Когда пытаешься понять, на основе какого качества или свойства литовский поэт сравнил "отечество" с "подругой", ничего определенного не приходит в голову. И тот факт, что это сравнение было сделано им не на основании "тонкого вкуса", а благодаря "знанью географии", только усложняет поиски, потому что не ясно, в каком значении поэт рассматривал географию, что он подразумевал под этим понятием: местоположение на карте, очертания границ, особенности ландшафта, климатические условия или, может быть, наличие полезных ископаемых.

И только в следующей строке дается указание на то, как следует понимать данную фразу. Прочитав и осознав следующее предложение, можно вернуться назад и восстановить логику высказывания: (…) южане здесь по субботам ездят к северянам и, возвращаясь под хмельком пешком, порой на Запад забредают — тема для скетча.

Говоря о географической природе такого сравнения, Бродский, имел в виду относительно небольшую территорию Литвы, что не могло не сказаться на уподоблении родины "подруге", а не традиционно принятым образам. Не очень тонкий вкус, который проявил поэт при таком сравнении, объясняется тем, что слово "подруга", в отличие, например, от "матери" или "жены", обычно имеет временное, непостоянное, отчасти легкомысленное значение.

Шестая строфа стихотворения помогает уточнить, что подразумевал автор под словом "некуда" в предыдущей строфе: В полночь всякая речь обретает ухватки слепца; так что даже "отчизна" на ощупь — как Леди Годива (VI).

"Некуда" — нет отчизны и, возможно, нет даже желания туда вернуться, хотя бы мысленно. Может быть, поэтому в воображаемом разговоре с другом Бродский напоминает ему о Дариусе и Гиренасе — двух литовских летчиках, которые ради возвращения предприняли отчаянную попытку перелететь через Атлантику на неприспособленном самолете. Их поступок долгое время не давал поэту покоя и, вполне вероятно, послужил отправной точкой для написания "Литовского ноктюрна" как противовес, как главный аргумент в споре с другом.

Для самого Бродского, когда он думает об отчизне, "речь обретает ухватки слепца", то есть вся внешняя шелуха — обида, раздражение, гнев — слетает, как слетает одежда с леди Годива[52], и она (отчизна) предстает совсем в другом обличии.

Образ леди Годива у Бродского соотносится со стихотворением Мандельштама "С миром державным я был лишь ребячески связан". В этом стихотворении, написанном в 1931 году триумфа сталинской государственной системы, присутствует и образ Петербурга — "самолюбивого, проклятого, пустого, моложавого", вызывающего раздражение и в то же время обладающего необъяснимой властью над мыслями и чувствами поэта.

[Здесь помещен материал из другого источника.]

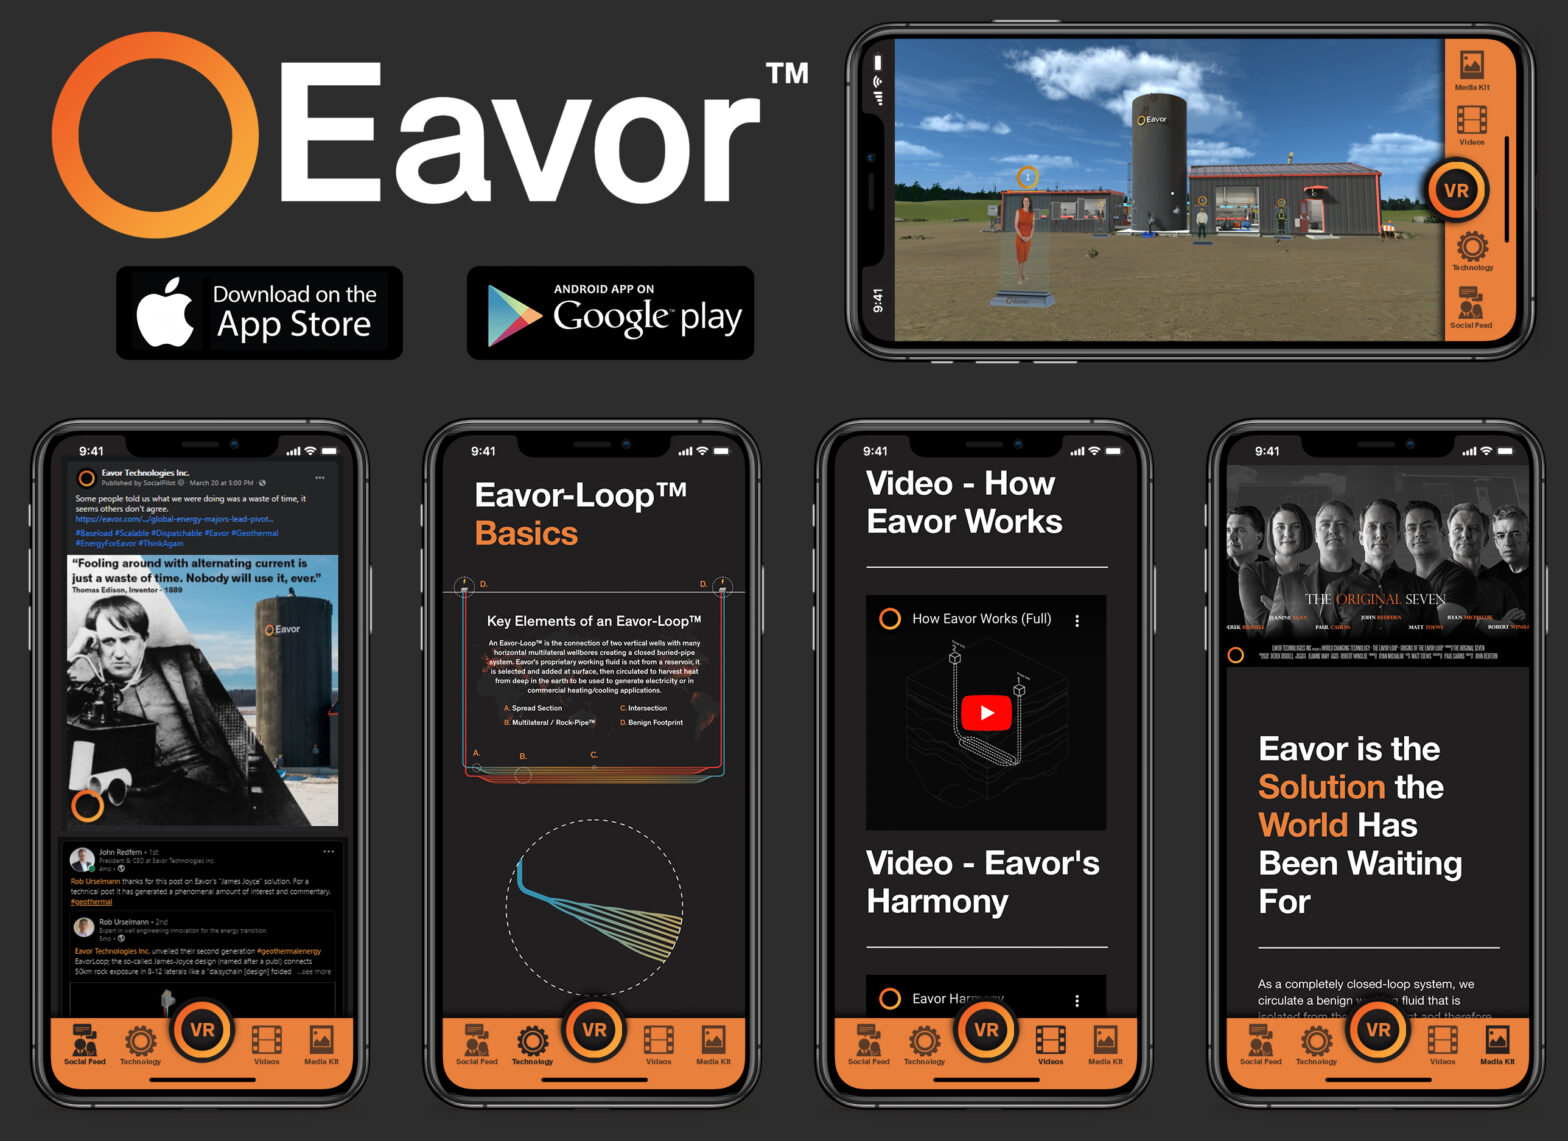 Eavor Mobile App Now Available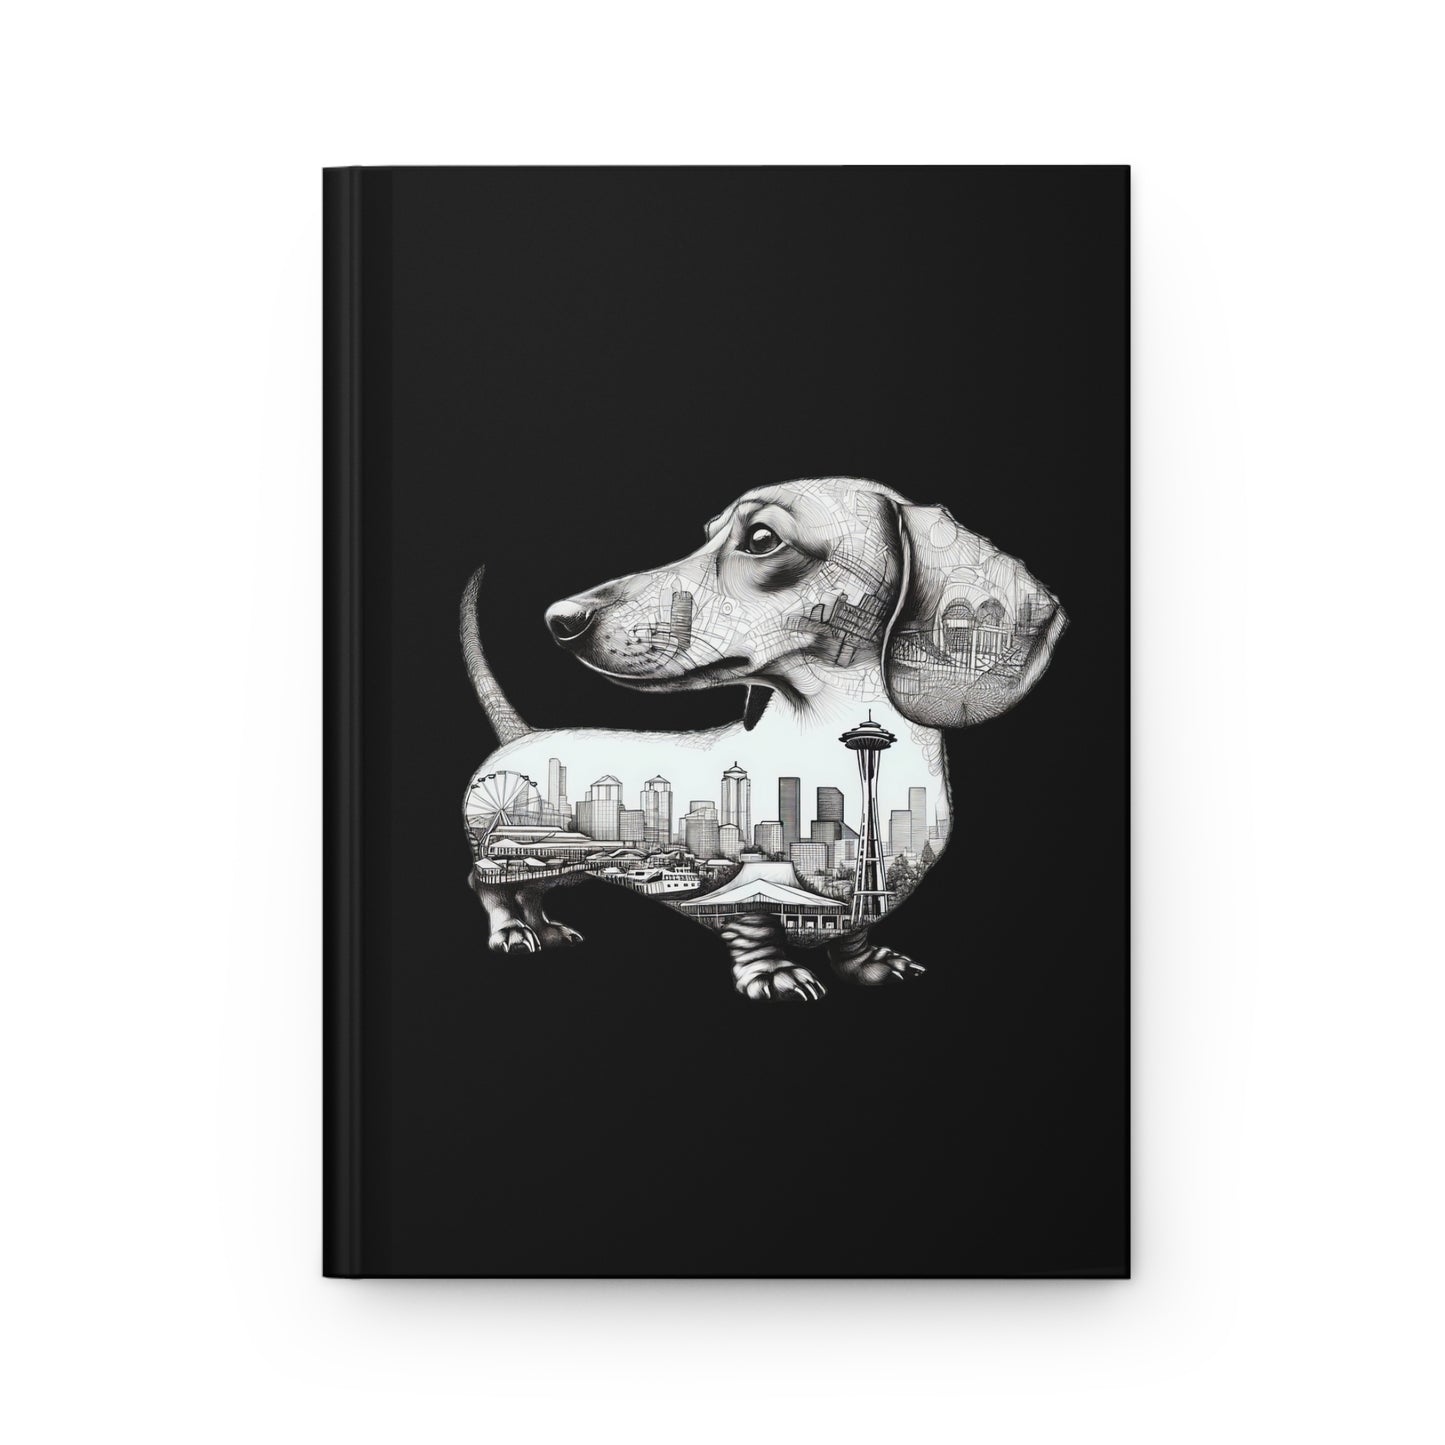 Seattle Skyline Dachshund Hardcover Journal - Urban Chic Notebook - Cityscape Dog Lover Diary - 150 Lined Pages

Пытаясь найти объяснение этой мистической связи, Мандельштам обращается к воспоминаниям о далеком прошлом: Так отчего ж до сих пор этот город довлеет

Мыслям и чувствам моим по старинному праву? Он от пожаров еще и морозов наглее,

Самолюбивый, проклятый, пустой, моложавый. Не потому ль, что я видел на детской картинке

Леди Годиву с распущенной рыжею гривой, Я повторяю еще про себя, под сурдинку:

"Леди Годива, прощай… Я не помню, Годива…".

В статье 1991 года, посвященной стихотворению Мандельштама, Бродский говорит о том, что леди Годива — это актриса Вера Судейкина, в доме которой в Коктебеле Мандельштам был частым гостем. На одной из ее фотографий 1914 года "вполоборота, через обнаженное плечо на вас и мимо вас глядит женщина с распущенными каштановыми, с оттенком бронзы, волосами, которым суждено было стать сначала золотым руном[53], потом распущенной рыжею гривой"[54].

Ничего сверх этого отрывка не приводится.